ANNAPOLIS — Gov. Martin O’Malley’s labor secretary said Tuesday it was his idea to seek the removal of all online traces of an internal economic report that he said was mistakenly posted on the department’s website.
Alex Sanchez, the secretary of the Department of Labor, Licensing and Regulation, said O’Malley did not ask him to pull the report or make it disappear without a trace online. Sanchez said the department mistakenly posted an internal document on Aug. 20 that was to be used as part of the process of writing a report to be released on the website.
“We have protocols for what is posted on the Internet, and they were not followed in that case, and once we found that out we corrected,” Sanchez said in a telephone interview Tuesday.

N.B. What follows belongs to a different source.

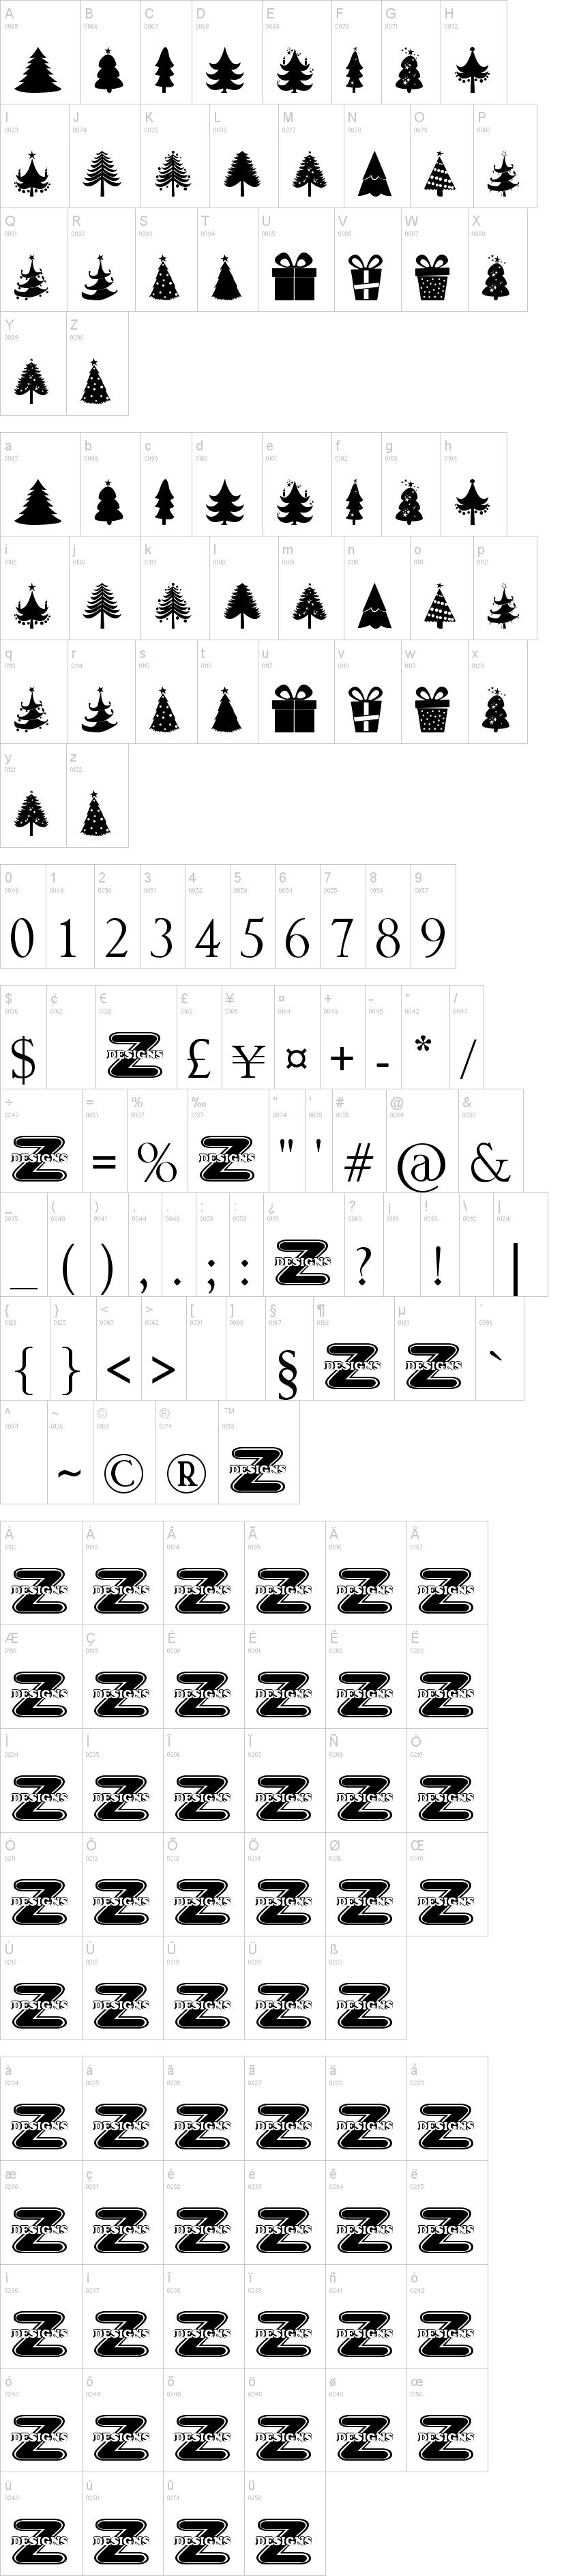 Xmas Tree Schriftarten Plotten

The document, which began by saying “Maryland’s Market Stalls During July,” cited reports of uncertainties in financial markets, declining consumer confidence and spending and lackluster hiring at the national level as a reason for explaining that “Maryland’s economic recovery faltered in July.”
The posting of the internal document prompted officials in the department to scramble once they and other administration officials learned of it.

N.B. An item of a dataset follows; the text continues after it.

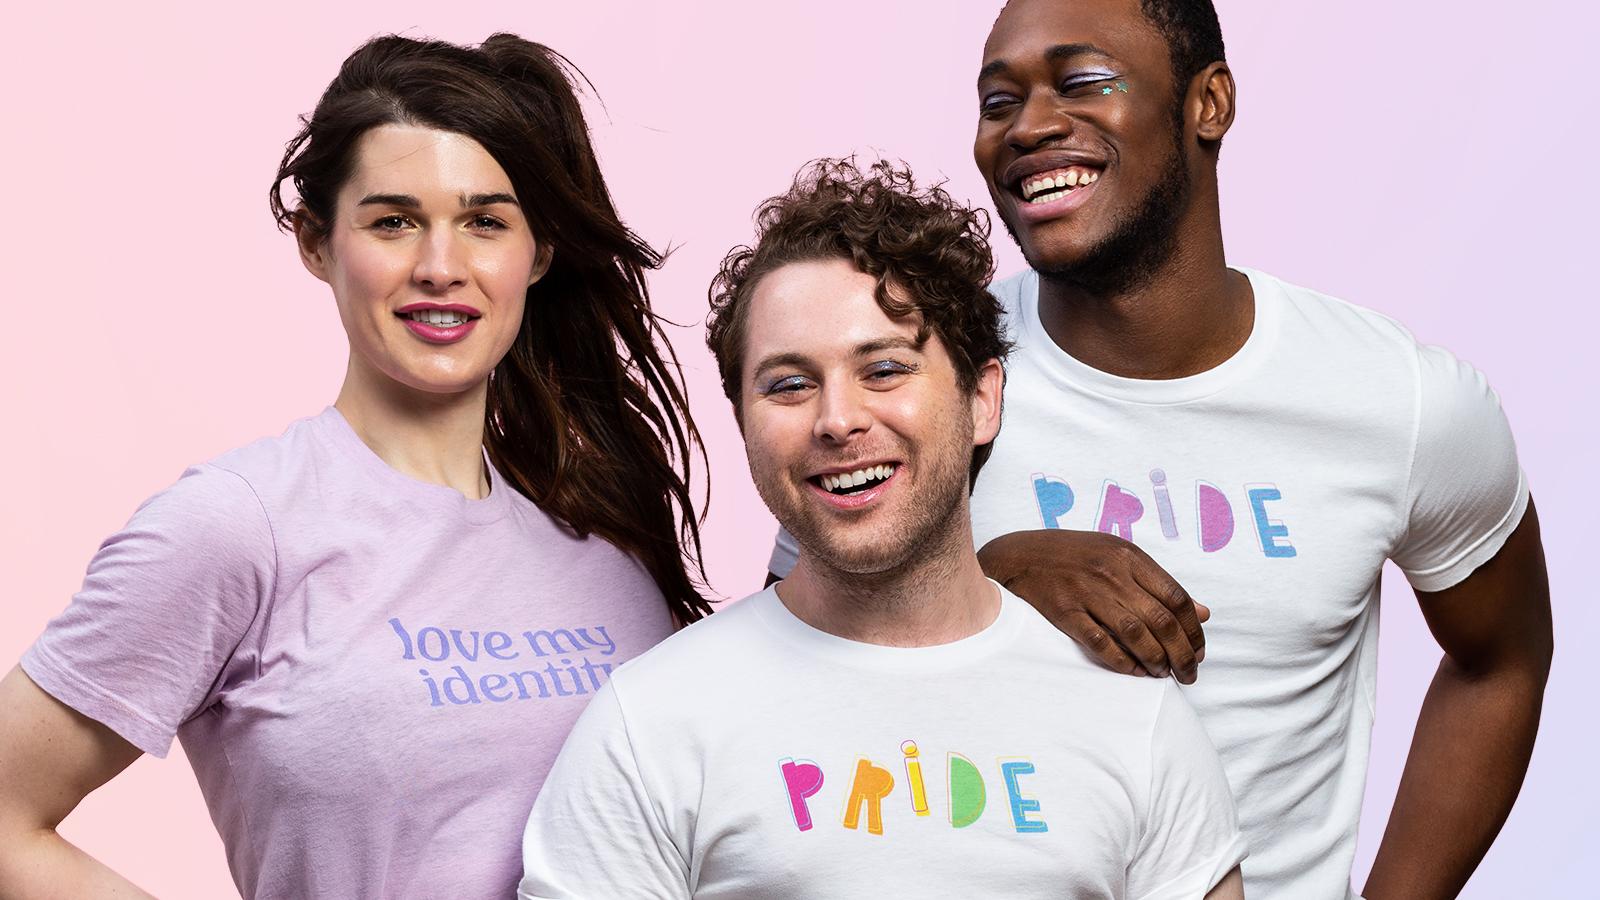 Alt Pronouns Pride

On Tuesday, Sanchez described the internal document as material that is used for discussions within the department before it puts out a monthly statement on its website about employment numbers in the state.
An e-mail on Aug. 20 from labor department spokesman Bernie Kohn to labor department staff titled “labor market fiasco” asked if the staff members were sure that taking down the post “removed all traces of it that anyone could pull up on a search engine?”
“Whatever we can do to make it disappear, we need to do it,” Kohn wrote. “That’s coming straight from the top.”
Sanchez said he was the person Kohn was referring to — not O’Malley.
“That’s referring to me and me only,” Sanchez said.
Former Gov. Robert L. Ehrlich Jr., a Republican who is in a rematch with the Democratic incumbent, made public a series of e-mails Monday that were sent by department officials between Aug. 10 and Aug. 20. The e-mails were obtained through Maryland Public Information Act requests. The Associated Press also has acquired the e-mails.
Ehrlich’s campaign contends that the e-mails demonstrate that the O’Malley administration was softening a gloomy economic outlook to portray Maryland’s economy in a more positive light in a tough election year.
In response, O’Malley’s campaign said Ehrlich is playing a “desperate blame game with economic statistics.” O’Malley’s campaign is emphasizing a longer view, contending that Maryland has had the best job growth in a January to August period in Maryland since 2000.
Maryland Republican Party Chairman Audrey Scott called on O’Malley to ask Sanchez to resign.
Ehrlich, in an interview Tuesday, said that the flap is an example of the labor department being “a broken agency.”
“That’s been the feedback from the small business roundtables that we’ve been attending for eight months now,” Ehrlich said.